Für diese Bequemlichkeit und die Weigerung, die Rechtmäßigkeit der vorgestellten Begeisterung in Frage zu stellen, ist der Mensch, das Individuum, der selbst denkende und handelnde Bürger selbst verantwortlich. Wenn er später einmal sagen wird, er habe von nichts gewusst, hat er sich diese Ausrede schon zurechtgelegt, als er noch die Wahl hatte und sehr wohl wusste, dass etwas nicht stimmt. Denn es gibt noch eine dritte Möglichkeit, mit der oben genannten optischen Täuschung umzugehen. Neben Option 1, bei der man von beiden Interpretationen des Bildes weiß, und Option 2, bei der man von nur einem, dem aktuell zu sehenden Motiv ausgeht, gibt es die Option 3: nämlich das Bild aus eigenem Antrieb anzuschauen und zu überprüfen.

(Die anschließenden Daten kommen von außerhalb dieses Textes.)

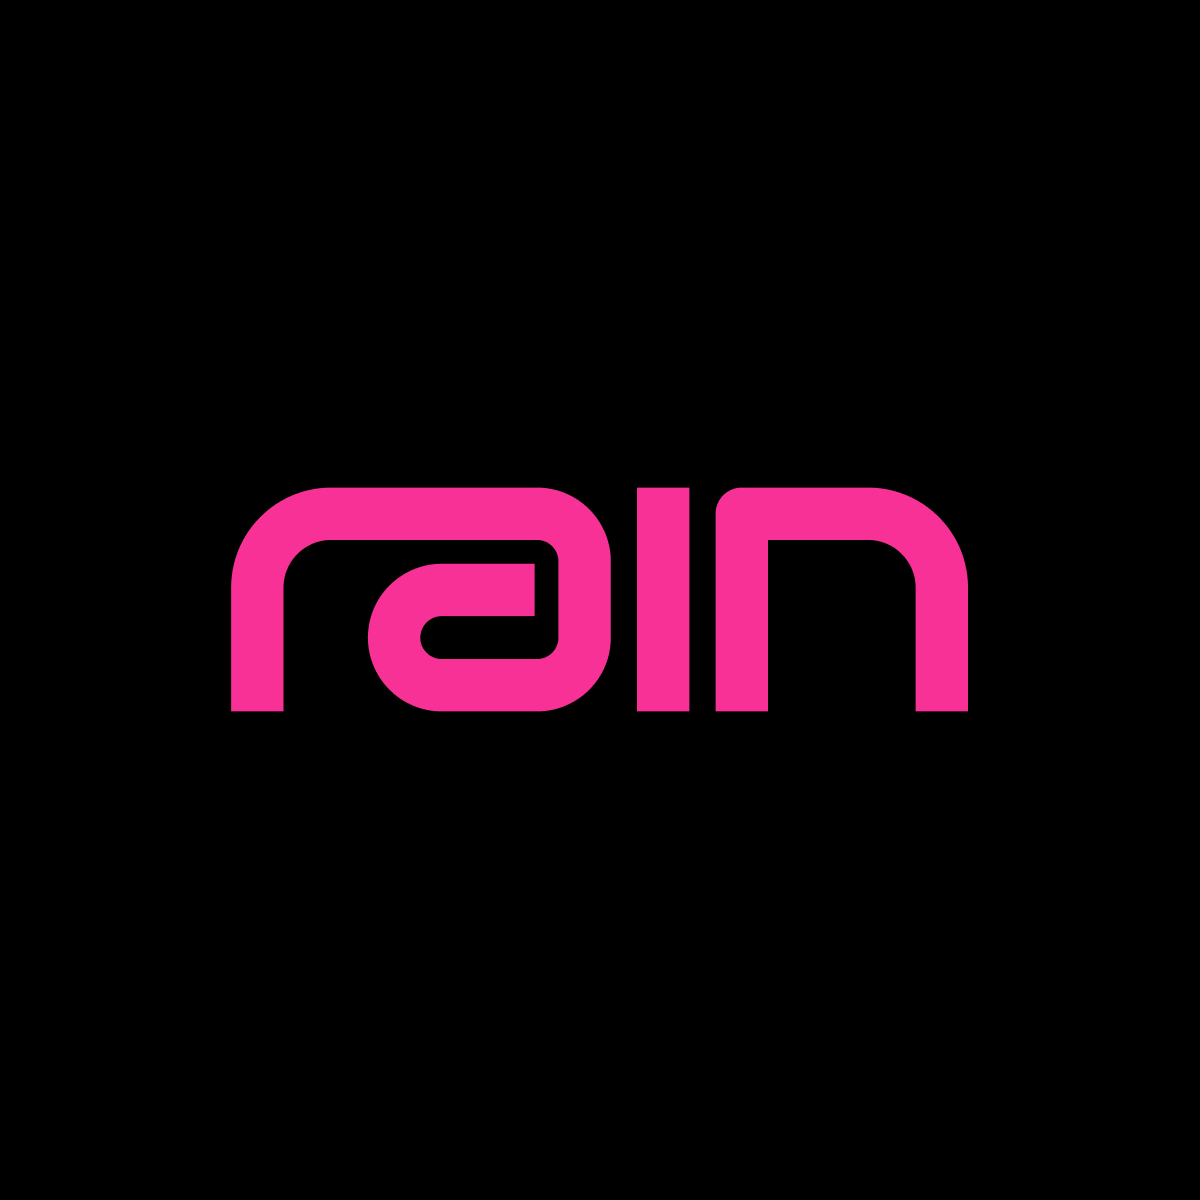 Rain logo

Dieser eigene Antrieb fehlt in weiten Teilen der Bevölkerung. Sie hat sich mit der Option, die man ihr anbietet, arrangiert. Der Wille aber, diese Option in Frage zu stellen, kann nur vom Menschen selbst kommen. Weder der Staat noch die Medien noch Institutionen oder prominente Persönlichkeiten bieten hier einen Ausweg an. Im besten Fall führen Gespräche mit anderen dazu, mit der angebotenen Option zu hadern und sie zu hinterfragen. Doch auch das ist nur erfolgversprechend, wenn der innere Antrieb vorhanden ist, sich auf den unbequemen Pfad zu begeben.
Meinung Ukraine: Die isolierte Erzählung
Es ist ein gefährliches Gemisch aus Bequemlichkeit, Faulheit und Unwissenheit, das dazu führt, zunächst willfährig ge- und später verführt zu werden, bis hin zur Akzeptanz dessen, was ganze Länder und Zivilisationen auslöschen kann. Die Konsequenz ist eine destruktive und womöglich tödliche Verantwortungslosigkeit, die die Menschen so sehr dominiert, dass sie selbst die Basis des Zusammenlebens, nämlich das Leben selbst, nicht mehr wertschätzen.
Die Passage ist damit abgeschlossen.